You don't plan these yourself; the skills suggest the next hand-off when it makes sense.
A new skill is a self-contained directory under plugins/vibesubin/skills/<skill-name>/. Drop it in, restart your agent, and both /vibesubin and the autocomplete menu pick it up.
plugins/vibesubin/skills/<skill-name>/
├── SKILL.md # required, under 500 lines, with YAML frontmatter
├── references/ # optional deep-dive docs
├── scripts/ # optional executable helpers
└── templates/ # optional files the skill copies into projects
Rules new skills inherit: done means verified (not claimed), SKILL.md stays under 500 lines with depth in references/, output follows the four-part shape, any sweep-eligible skill needs a read-only mode, and every skill is explicit about where its confidence ends.
Want a skill included in the main plugin? Open an issue with the trigger phrases, what it'd do, and a concrete example. See CONTRIBUTING.md.
A handful of rules every skill is built around. You don't need to memorize them — they exist so current and future skills stay consistent.
Your AI is a well-meaning junior developer. Juniors work hard, and juniors sometimes forge ahead when they should have stopped to ask. The plugin inserts "stop and ask" moments where a more careful hand would.
Done is proven, not claimed. If a task says complete, there's an execution result behind it — a passing test, a matched hash, a live 200 OK. Assertion without evidence is a bug.

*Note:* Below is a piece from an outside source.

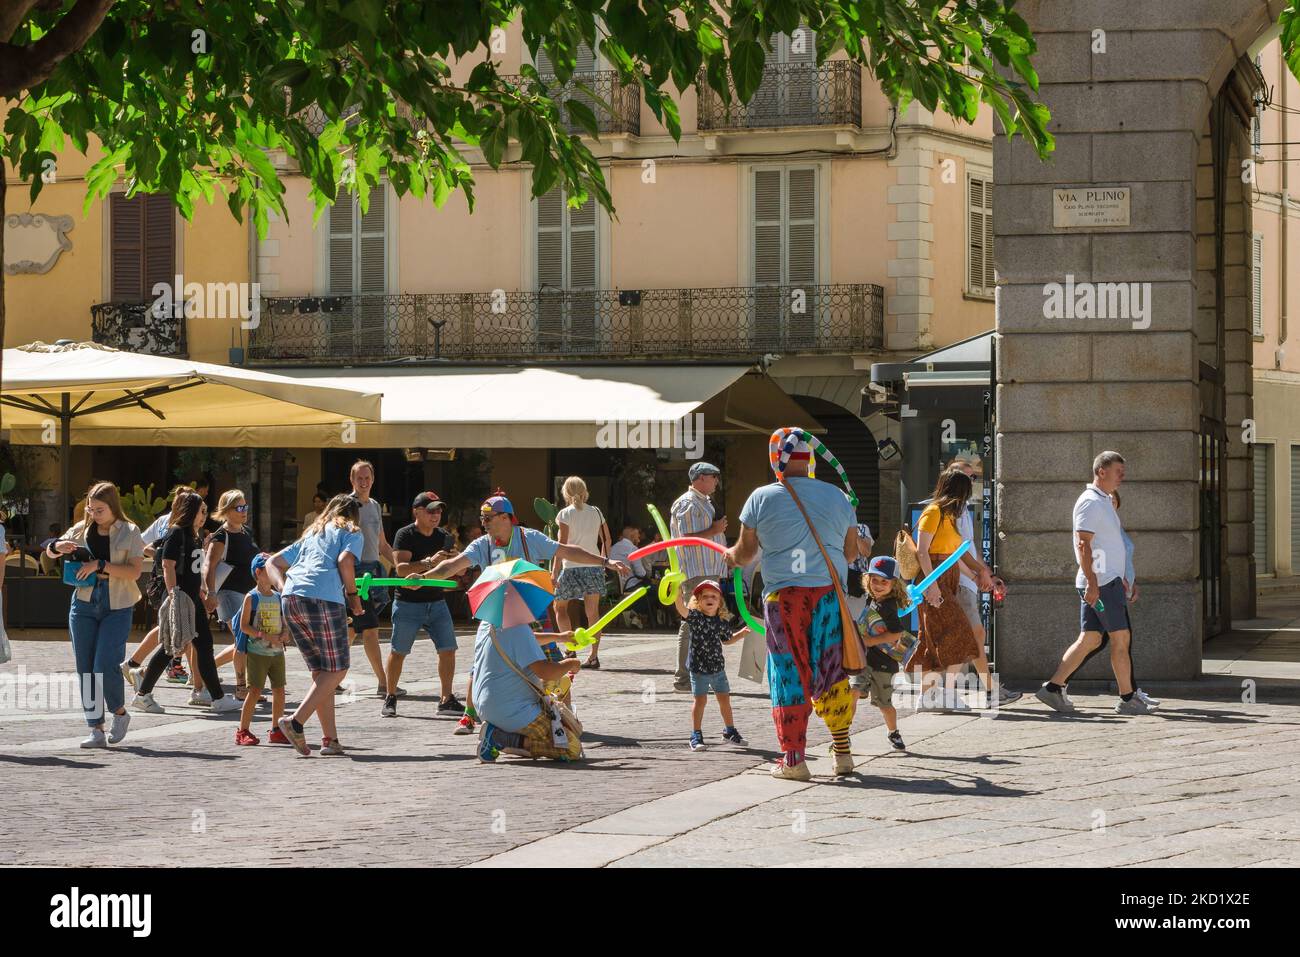 Los niños juegan, en verano los niños juegan luchando contra una banda de artistas callejeros con globos en el centro histórico de la ciudad de Como, Italia Foto de stock

Docs are for the next AI session, not just for people. The current conversation evaporates when the session ends; READMEs, commits, and PR bodies are written so a fresh session can rebuild the context.
Existing conventions are the default. The plugin doesn't silently rewrite your branch strategy, file layout, or config on a whim.
The plugin is actively maintained. Refactoring tools evolve, skill systems change, and LLM failure modes shift — each skill is reviewed on a schedule.
Open source, but PRs aren't currently accepted. Found a bug, want a new language or runtime covered, spotted unclear docs, have a new skill idea? Open an issue. The maintainer reviews and incorporates directly, which keeps the voice consistent. Details in CONTRIBUTING.md.
MIT — see LICENSE.
Changes over time are tracked in CHANGELOG.md. Plugin version lives in .claude-plugin/marketplace.json.